Na internet, também foi observado o crescimento de um discurso que se assemelha aos tradicionais programas policialescos da TV. Muitos desses “influenciadores” aproveitaram sua visibilidade nas redes para disputar as eleições. Em 2024, o quarto vereador mais votado de São Paulo foi o Sargento Nunes (PP) que utiliza o Instagram e participações em podcasts para difundir um discurso pró-violência policial. Já em Guarulhos (SP), o Delegado Gustavo Mesquita (Republicanos) se tornou o vereador mais bem votado da história da cidade – o “influencer” utiliza o Instagram e o TikTok para simular operações policiais e se apresenta favorável à “família”, “porte de arma para o cidadão de bem” e contra o “pancadão” e a “linguagem neutra e a ideologia de gênero”.

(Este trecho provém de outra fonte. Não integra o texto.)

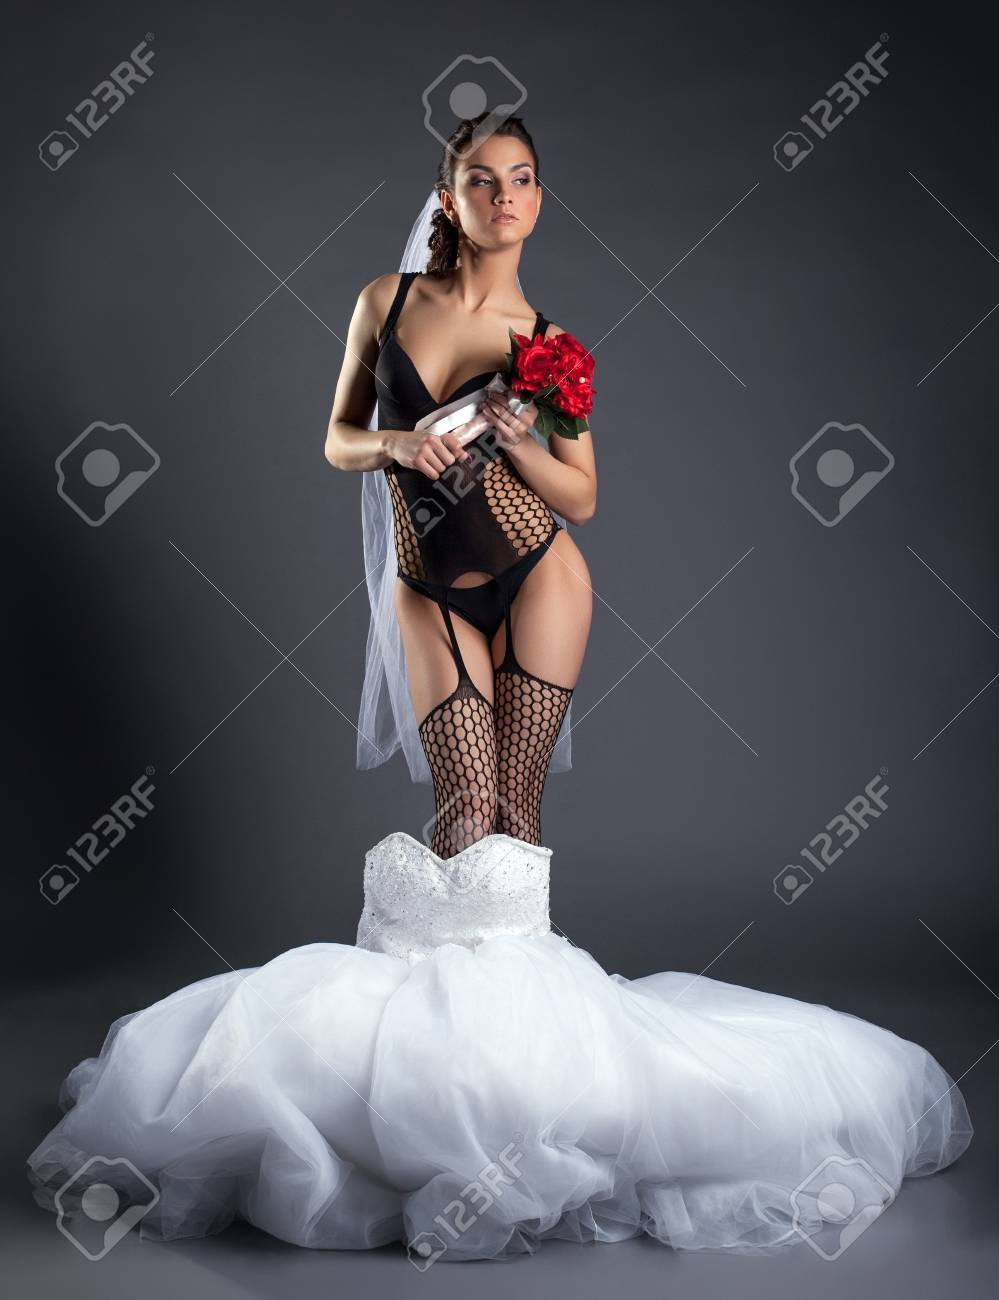 83437e77c Proud bride posing in erotic lingerie, on gray background Stock Photo -  19730897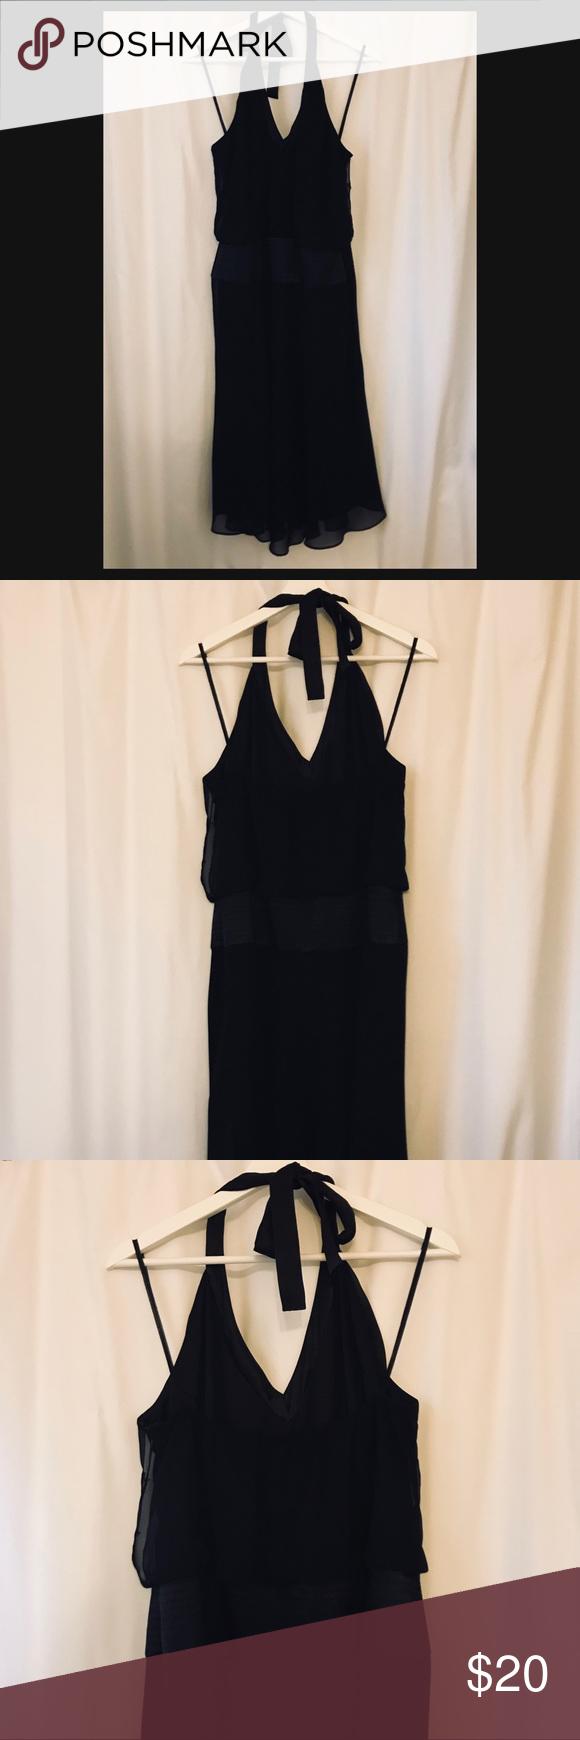 Sl Fashions Macy S Black Halter Cocktail Dress Sl Fashions Black Halter Cocktail Dress Fashion [ 1740 x 580 Pixel ]

A pesquisa realizada pelo Intervozes também identificou que boa parte desses influenciadores são agentes de segurança e produzem conteúdos enquanto estão em serviço, numa estética similar à cobertura de operações policiais feitas pelos programas de TV. Da mesma forma que a violência é utilizada nas redes para caçar cliques e aumentar o alcance das publicações, na radiodifusão a pauta da segurança pública com a “estética policialesca” faz aumentar a audiência e reforçar um discurso único que aponta a violência policial como solução para os problemas na segurança pública, incluindo crimes e violações de direitos cometidos pelos próprios agentes.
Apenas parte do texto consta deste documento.